The current two-month internet blackout in Iran represents an unprecedented level of state control that differs even from the nation’s previous restrictions. Netblocks has confirmed the extent of this blackout, which is raising concerns among traders regarding the stability of the Iranian regime. Recent trends in the Polymarket contract show that the likelihood of the Iranian government collapsing by June 30 has surged to 50%, an impressive increase from just 8% only a day earlier. This jump of 42.5 percentage points suggests a significant shift in market sentiment, highlighting the fraught political situation in Iran.
Traders are interpreting the internet blackout as a clear indication of vulnerability rather than strength. The Iranian regime appears to be grappling with internal dissent, and the substantial movement in market contracts reflects a growing belief that the ongoing blackout correlates with deeper instability. In fact, the daily trading volume for the regime fall market stands at an impressive $35,587, indicating a level of liquidity that allows for stable pricing despite market fluctuations. However, the contract related to Reza Pahlavi entering Iran by June 30 is much thinner, with only $736 in daily volume, making it more susceptible to significant price changes.

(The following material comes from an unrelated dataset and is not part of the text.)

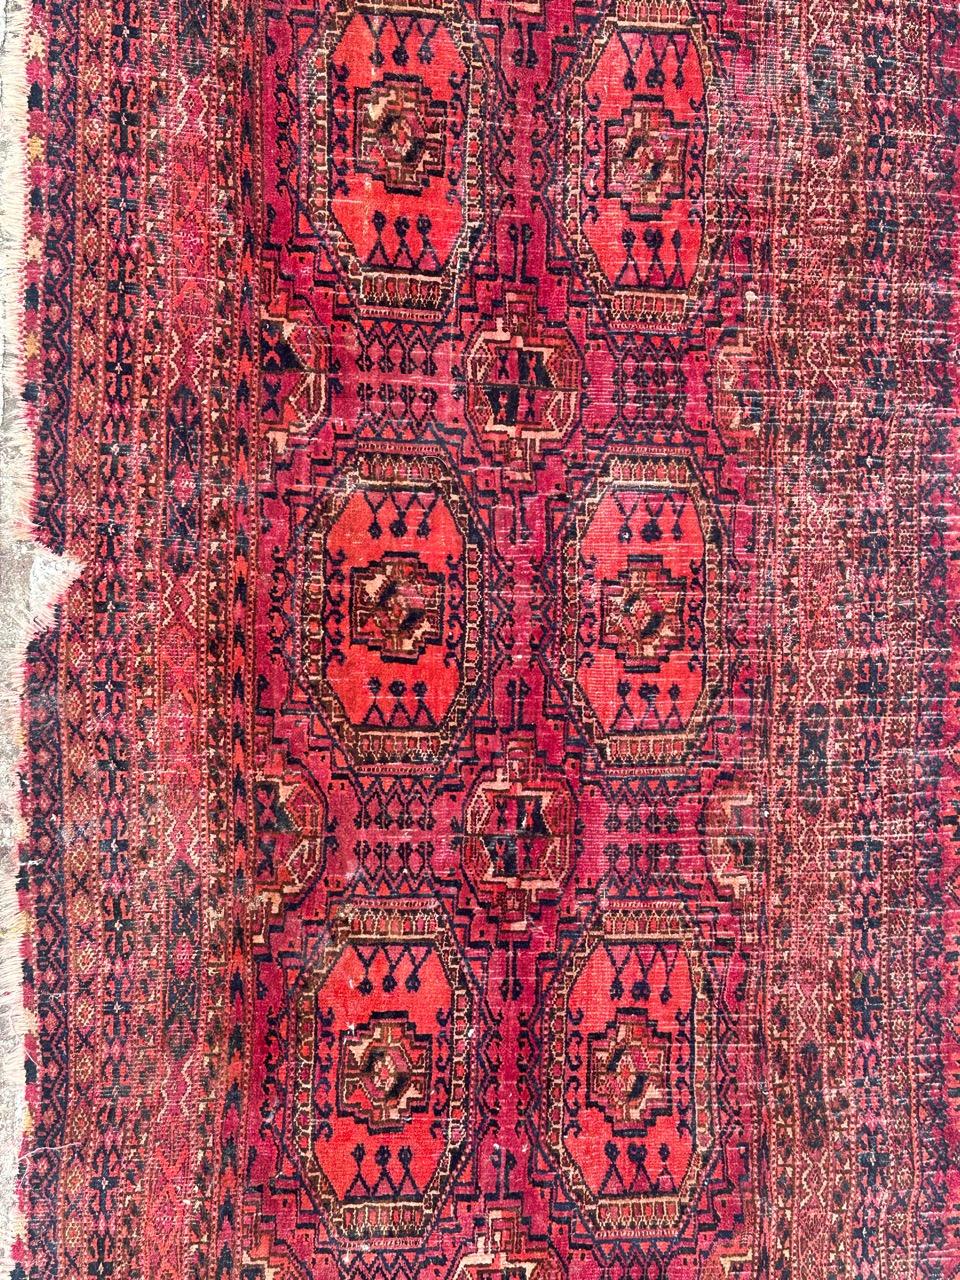 Late 19th century Turkmen Yomut Afghan Chuval rug, originally for horse cover, with a Beautiful Turkmen tribal design and nice natural colors with pink, brown, red , orange and blue, entirely and finely hand knotted with wool velvet on wool

As an investor, it is essential to stay informed about potential indicators of change. Factors that could impact the market include defections within the Islamic Revolutionary Guard Corps (IRGC), major protests in key cities, or shifting dynamics in international diplomatic relations. Monitoring these developments will provide clarity on the future trajectory of Iran's political landscape. Notably, the contrast in trading volumes between the regime collapse and Pahlavi entry markets has implication—if the latter begins to attract more capital, it might suggest that investors foresee a specific political transition rather than merely general instability.